Configure testing for CIFS/SMB account policy compliance

Nexpose can test account policies on systems supporting CIFS/SMB, such as Microsoft Windows, Samba, and IBM AS/400:

  1. Go to the CIFS/SMB Account Policy page.
  2. Type an account lockout threshold value in the appropriate text field.

This the maximum number of failed logins a user is permitted before the asset locks out the account.

  1. Type a minimum password length in the appropriate text field.
  2. Configure any other template settings as desired. When you have finished configuring the scan template, click Save.

Configure testing for AS/400 policy compliance

To configure Nexpose to test for AS/400 policy compliance:

  1. Go to the AS/400 Policy page.
  2. Type an account lockout threshold value in the appropriate text field.

This the maximum number of failed logins a user is permitted before the asset locks out the account. The number corresponds to the QMAXSIGN system value.

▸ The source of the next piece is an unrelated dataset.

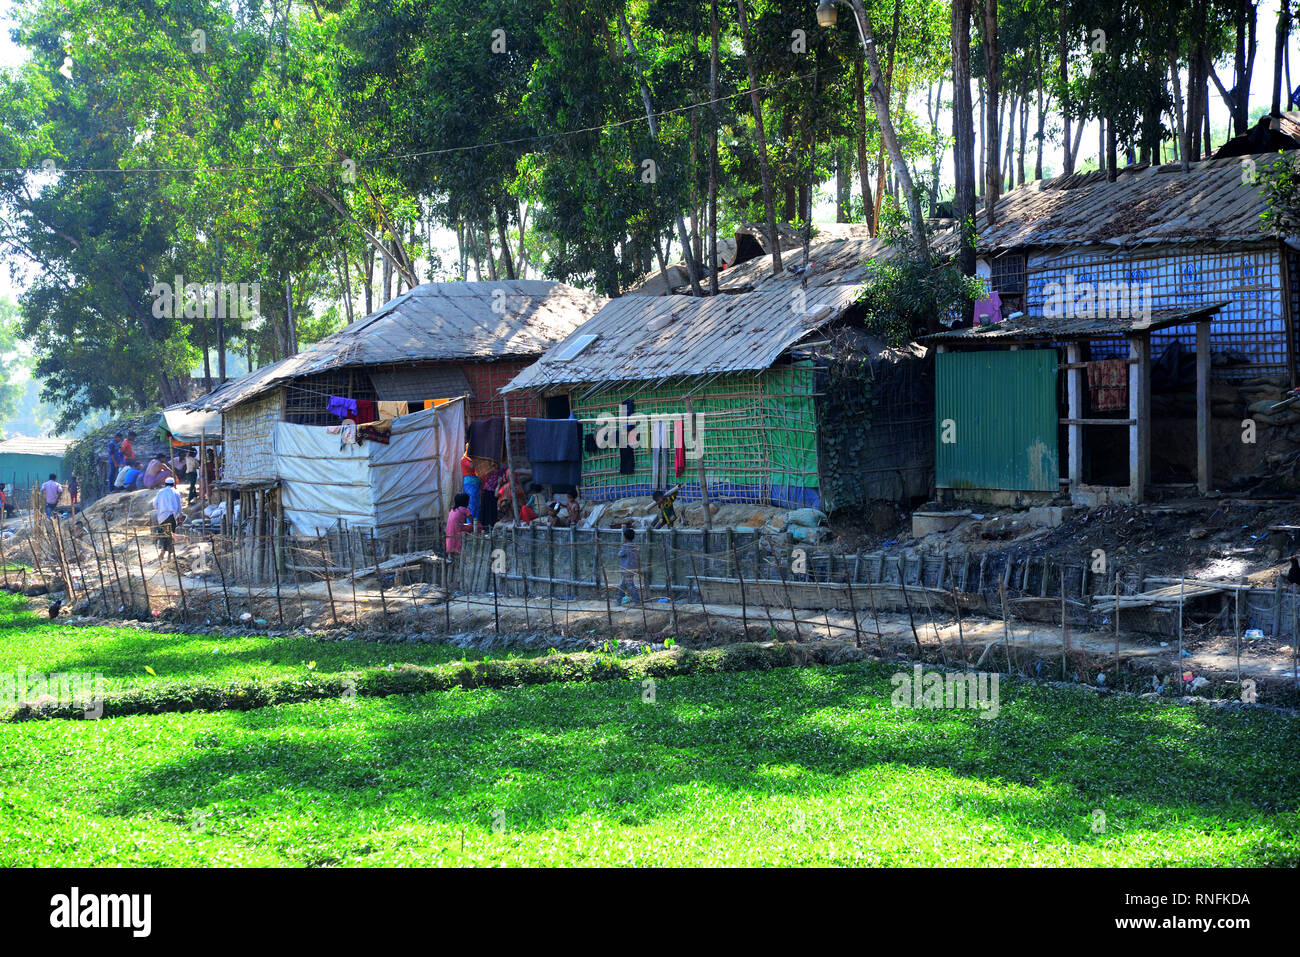 A view of Balukhali rohingya refugee camp in Ukhia, Cox's Bazar, Bangladesh. On February 02, 2019 Stock Photo

  1. Type a minimum password length in the appropriate text field.

This number corresponds to the QPWDMINLEN system value and specifies the minimum length of the password field required.

  1. Select a minimum security level from the drop-down list.

This level corresponds to the minimum value that the QSECURITY system value should be set to. The level values range from Password security (20) to Advanced integrity protection (50).

  1. Configure any other template settings as desired. When you have finished configuring the scan template, click Save.

Configure testing for UNIX policy compliance

To configure Nexpose to test for UNIX policy compliance:

  1. Go to the Unix Policy page.
  2. Type a number in the text field labeled Minimum account umask value.

This setting controls the permissions that the target system grants to any new files created on it. If the application detects broader permissions than those specified by this value, it will report a policy violation.

  1. Configure any other template settings as desired. When you have finished configuring the scan template, click Save.